Having come to an understanding of the nature of spiritual gifts, it is good to find exactly what gifts have been given. In the New Testament, only the apostle Paul mentions them by name. He gives us five such lists. All the lists are different, so it is necessary to look at them all together. The gifts are found in Romans 12:6-8 (listing seven gifts), I Corinthians 12:8-10 (nine), I Corinthians 12:28 (eight), I Corinthians 12:29-30 (seven), and Ephesians 4:11 (four). Subtracting those repeated brings the total to nineteen. The following chart shows them all as they are listed in these New Testament passages.
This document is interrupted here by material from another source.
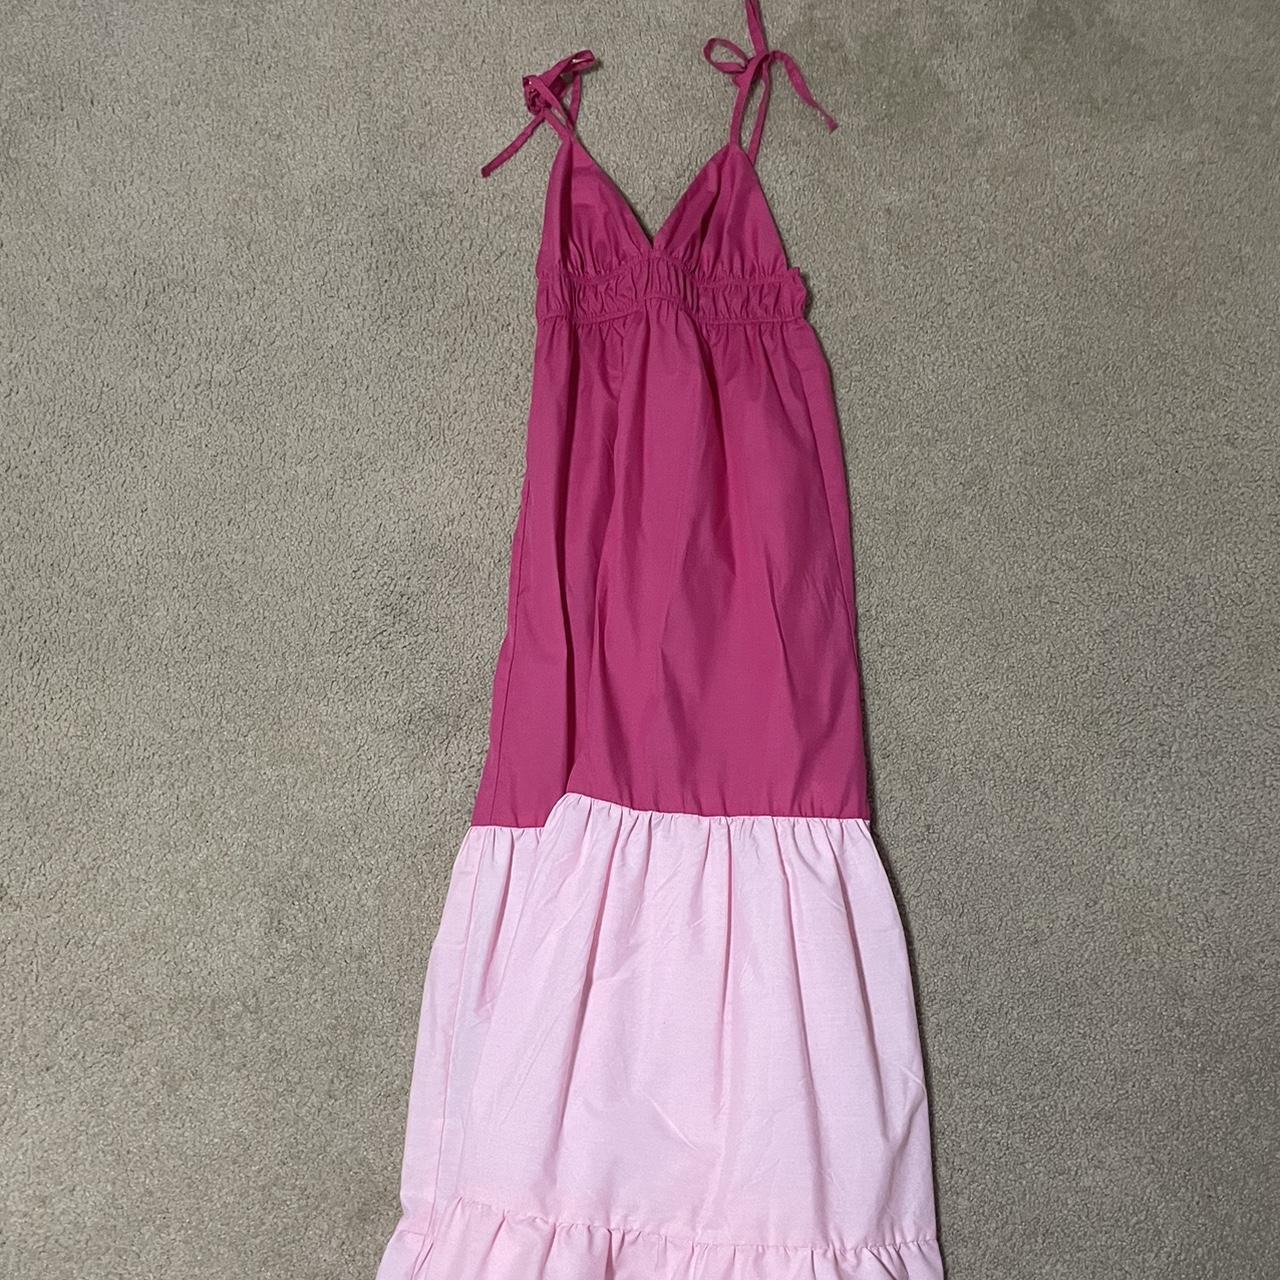 Bloomingdale's Women's Pink Dress | Depop

Drawing from these lists of spiritual gifts, an almost endless number of observations can be made. It is helpful, for example, to notice which gifts appear more than once and in more than one of Paul's epistles. For instance, prophecy is mentioned in each of the five lists, and it is Paul's argument in I Corinthians 14 that prophecy is most important to the church. The gift of teaching is mentioned in four of the five lists and in all three epistles. When apostleship appears, it is always listed first. In the three lists in which the gift of tongues is mentioned (I Corinthians 12), tongues always appear last (along with its accompanying gift, the gift of interpretation of tongues). Further, the miraculous gifts, such as tongues, healing, and miracles, are mentioned only in First Corinthians and are found nowhere else in the epistles.
The Key List
It should also be noted that I Corinthians 12:28 is the key list in that it mentions the gifts in order of importance. "And God hath set some in the church, first apostles, secondarily prophets, thirdly teachers, after that miracles, then gifts of healing, helps, governments, diversities of tongues." Since it is obvious that some of the gifts toward the bottom of the list (such as healing and miracles) were in operation before the gifts higher in the list (such as apostles), the "first ... secondarily ... thirdly" must indicate order of importance and not the order in which they were given to the church. This was of greatest significance for the church at Corinth, for a large part of their problem was that they afforded tongues such a high place of importance while prophecy and teaching were lost in its shadow -- which problem Paul addresses at length throughout chapter 14. Virtually the same problem exists today, but it is corrected by this verse alone which shows teaching to be superior to tongues.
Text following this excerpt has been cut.